Como recordaba el Papa Francisco durante la celebración de Corpus Christi el 3 de junio de 2018, en la Iglesia de Santa Mónica, cuyo evangelio centra la atención en los preparativos para la Cena de Pascua y repite varias veces el verbo “preparar”. Los discípulos preguntan, por ejemplo: «¿Dónde quieres que vayamos a prepararte la Cena de Pascua?» (Mc 14,12). Jesús los envía a prepararla dándoles indicaciones precisas y ellos encuentran «una habitación grande, acondicionada y dispuesta» (v. 15). Y aunque los discípulos se encaminan a preparar, el Señor ya había “preparado” todo.

También, después de la Resurrección, cuando Jesús se aparece por tercera vez a los discípulos mientras pescan, Él los espera en la orilla donde les prepara pan y pescado. Ahí podemos ver como Jesús, en definitiva, siempre ha pensado para nosotros en un lugar digno como el de la «habitación grande acondicionada» del Evangelio. Es nuestra casa aquí abajo, amplia y espaciosa, la Iglesia, donde hay y debe haber un lugar para todos. Y al mismo tiempo, nos ha reservado también un lugar arriba, en el Paraíso, para estar con Él y entre nosotros para siempre. Además del lugar nos prepara un Alimento, un pan que es él mismo: «Tomad, esto es mi cuerpo» (Mc 14,22). Estos dos dones, el lugar y el alimento, son los que nos sirve para vivir. Son la comida y el alojamiento definitivos. Ambos se nos dan en la Eucaristía, alimento y lugar.

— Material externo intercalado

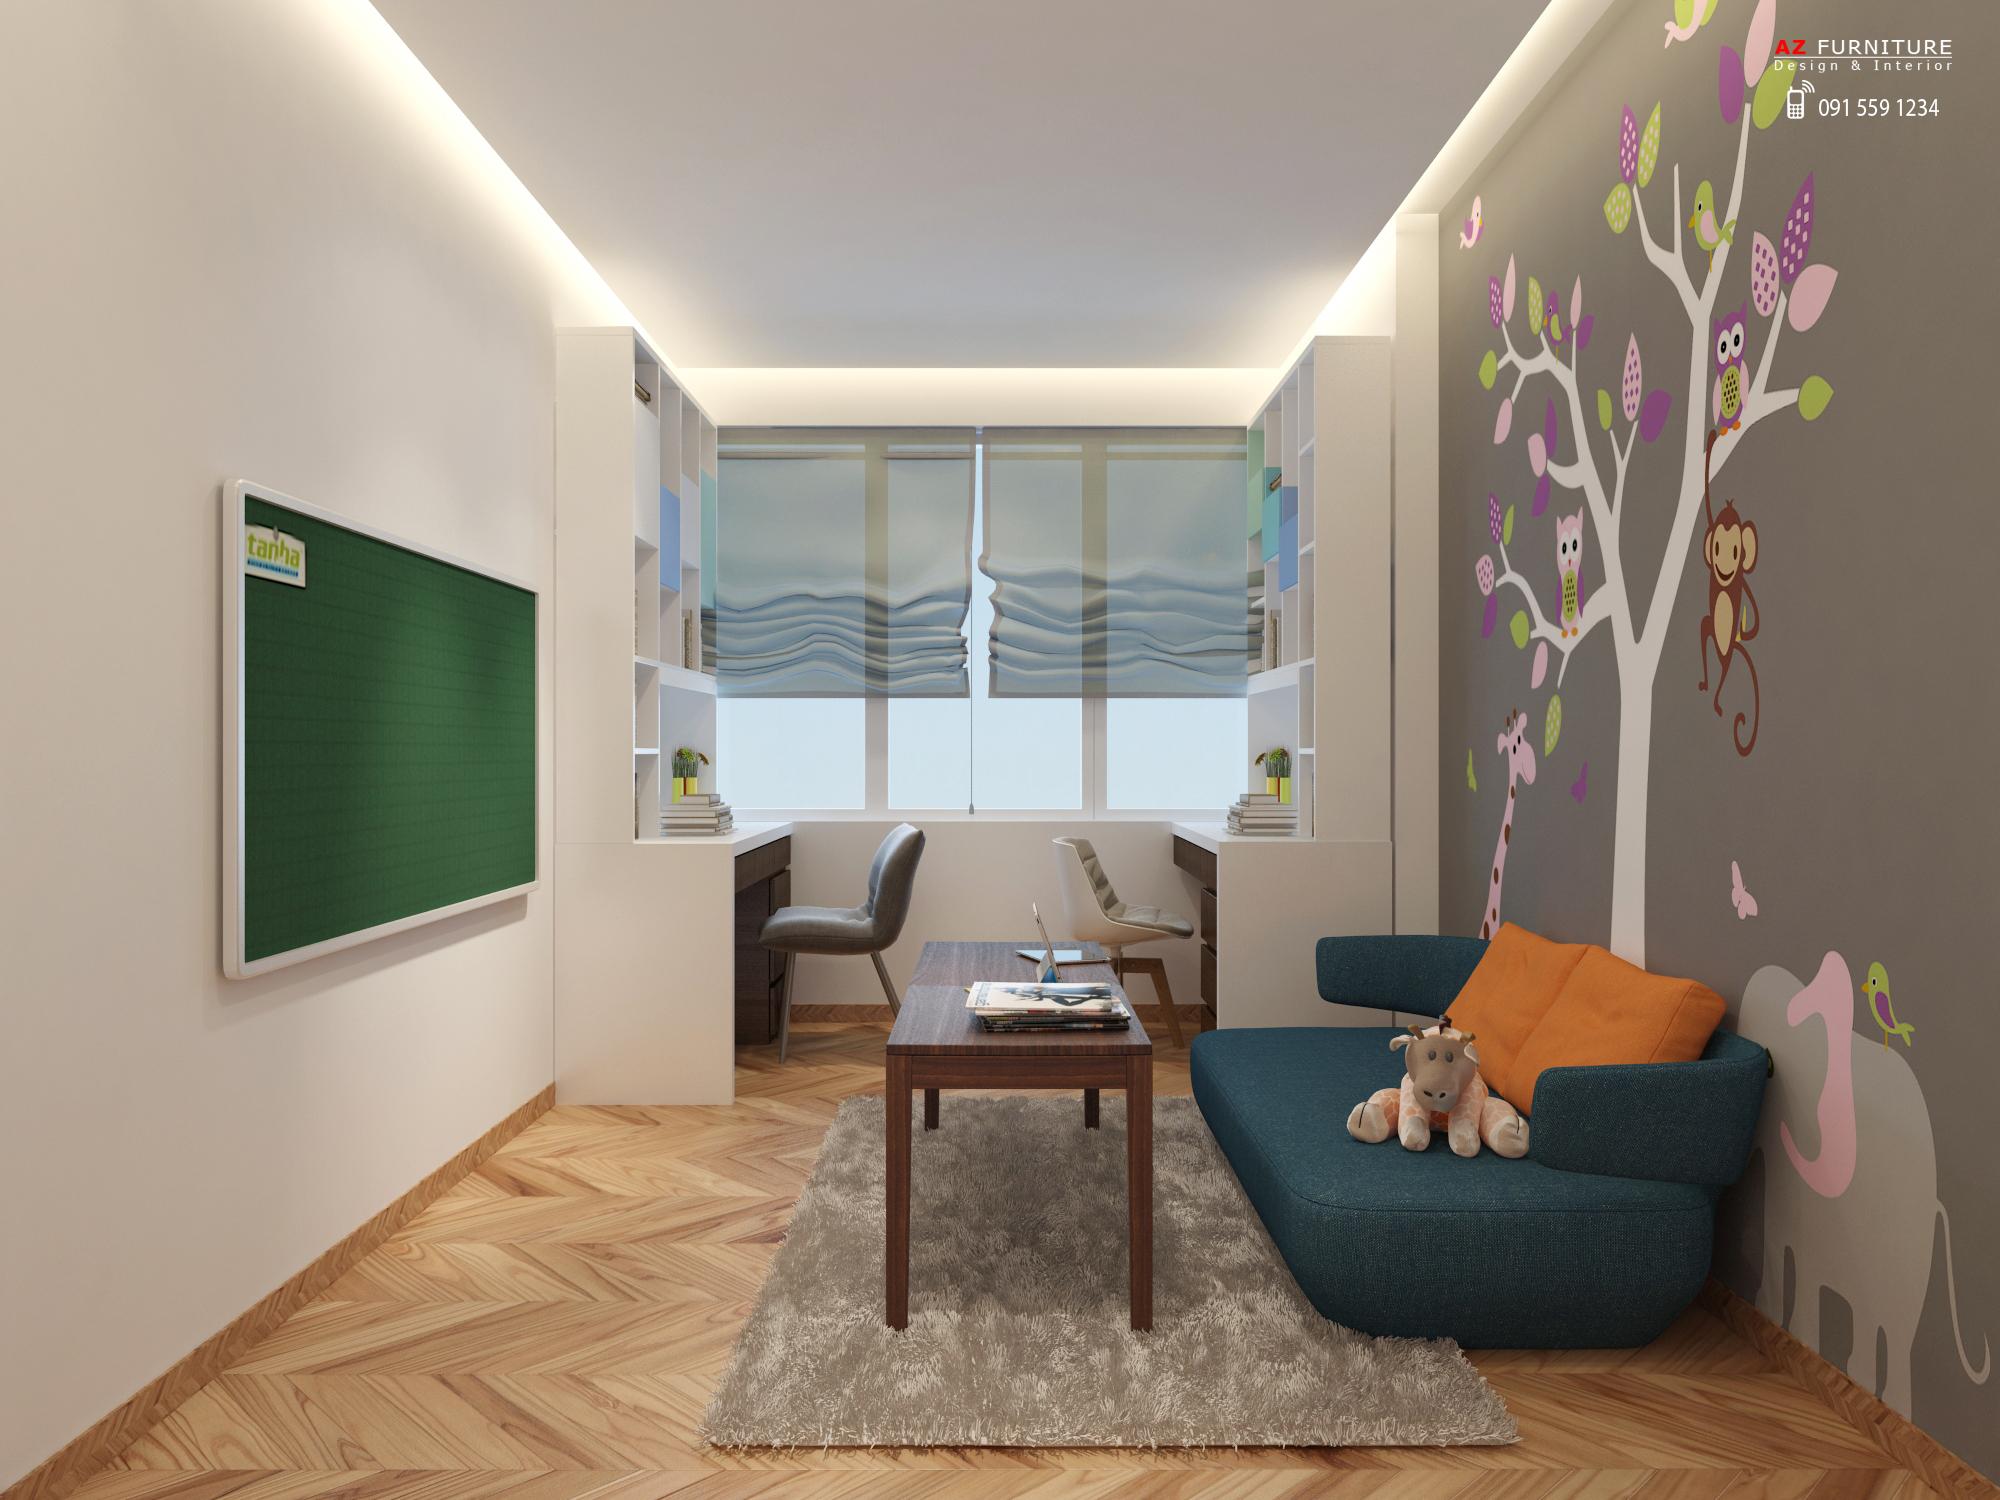 Thiết kế phòng học, phòng đọc sách chung cư đẹp

Así como a los discípulos, Jesús nos pide hoy preparar y como ellos le preguntamos: «Señor, ¿dónde quieres que vayamos a preparar?». Jesús no prefiere lugares exclusivos y excluyentes; al contrario, busca espacios que no han sido alcanzados por el amor, ni tocados por la esperanza. A esos lugares incómodos desea ir y nos pide a nosotros realizar para él los preparativos. Cuántas personas carecen de un lugar digno para vivir y del alimento para comer. Todos conocemos a personas solas, que sufren y que están necesitadas: son sagrarios abandonados. Nosotros, que recibimos de Jesús comida y alojamiento, estamos aquí para preparar un lugar y un alimento a estos hermanos más débiles. Él se ha hecho pan partido para nosotros; nos pide que nos demos a los demás, que no vivamos más para nosotros mismos, sino el uno para el otro. Así se vive eucarísticamente: derramando en el mundo el amor que brota de la carne del Señor. La Eucaristía en la vida se traduce pasando del yo al tú.

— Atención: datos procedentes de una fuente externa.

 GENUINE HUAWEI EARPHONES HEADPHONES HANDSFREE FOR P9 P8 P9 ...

Por ello, encaminándonos al Congreso Eucarístico Nacional, hacemos esta reflexión que nos invita a amar más a Jesús y a reconocerlo en la forma Eucarística para que: “Alimentándonos de Él, para que podamos preparar el Reino de Dios mediante una vida que salga de nuestra comodidad y se dirija al servicio a los necesitados y alejados de Dios”.